Nigeria has emerged as the undisputed champion of remittances in Sub-Saharan Africa for 2022, capturing a staggering $20.1 billion, according to the latest report from the World Bank titled “Remittances Remain Resilient But Are Slowing.”
This figure accounts for a whopping 38 percent of the entire remittance flow into the continent, surpassing countries like Ghana (11.9 percent), Kenya (8.5 percent), Tanzania (25 percent), Uganda (17.3 percent), and Rwanda (21.2 percent).
“The increase in remittance flows to the region supported the current accounts of several African countries dealing with food insecurity, supply chain disruptions, severe drought (Horn of Africa), floods (in Nigeria, Chad, Niger, Burkina Faso, Mali, and Cameroon), and debt-servicing difficulties,” the report stated.
While the significance of remittances for Sub-Saharan Africa is undeniable, it’s worth noting that the broader global perspective tells a story of gradual growth.

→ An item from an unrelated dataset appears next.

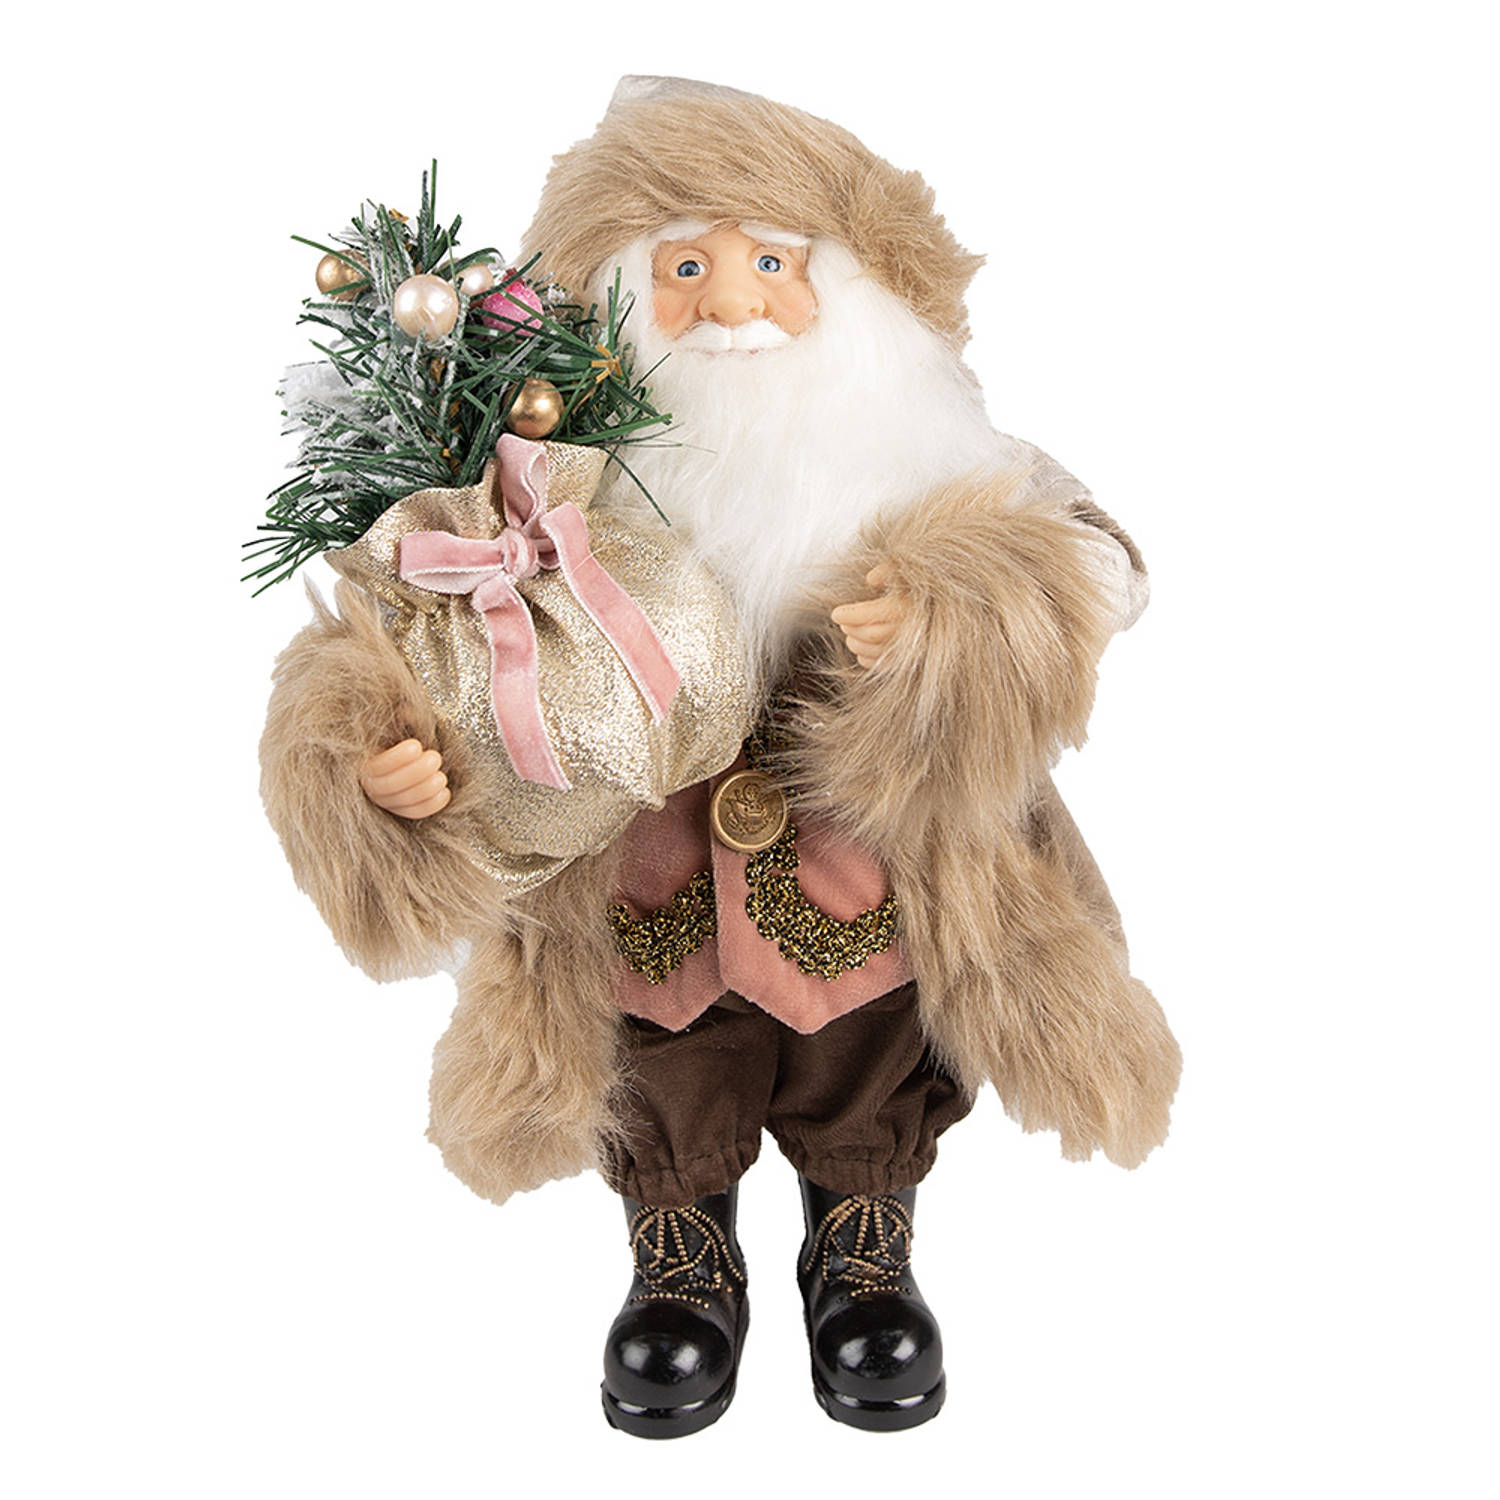 HAES DECO - Kerstman deco Figuur - Formaat 29x20x63 cm - Collectie: Traditional Santa - Kleur Beige - Materiaal Textiel op kunststof - Kerst Figuur, Kerstdecoratie

Remittance flows to low-and middle-income countries (LMICs) reached $647 billion in 2022 but are projected to inch up by just 1.4 percent to $656 billion in 2023.
For the world as a whole, the projection stands at $840 billion in 2023, with a further increase of $18 billion expected in 2024.
Commenting on the vital role of remittances, the World Bank emphasized, “Over the past year, remittances have continued to represent an even larger source of external finance for LMICs, relative to foreign direct investment (FDI), official development assistance (ODA), and portfolio investment flows.”
The report also highlighted that remittances have become the lifeblood of several countries’ economies. For instance, in Kenya, remittances have surpassed key exports, including tourism, tea, coffee, and horticulture.
The Gambia, Lesotho, Comoros, and Cabo Verde are among the nations highly dependent on remittances as a proportion of GDP.
However, amid these positive trends, Sub-Saharan Africa remains plagued by exorbitant remittance costs. The report revealed that senders had to bear an average cost of 8.0 percent to send $200 to African countries during the final quarter of 2022, compared to 7.8 percent in the same period the previous year. Costs varied widely across the region, ranging from 2.1–4.0 percent in the lowest-cost corridors to a staggering 17–35 percent in the highest.
The report pointed out that banks were responsible for imposing the highest costs, underscoring the importance of cross-border mobile money transactions. However, limited interoperability among telecom operators and money transfer operators in Kenya, Rwanda, Tanzania, and Uganda hampered the growth of such transactions.
Despite these challenges, the growth of remittance flows into Africa is expected to slow significantly, dropping to 1.3 percent in 2023 from a robust 6.1 percent in 2022.
The World Bank identified various risks to this outlook, including capital outflows, foreign exchange controls, and sanctions. However, a rebound is anticipated, with growth in remittance flows expected to recover to 3.7 percent in 2024.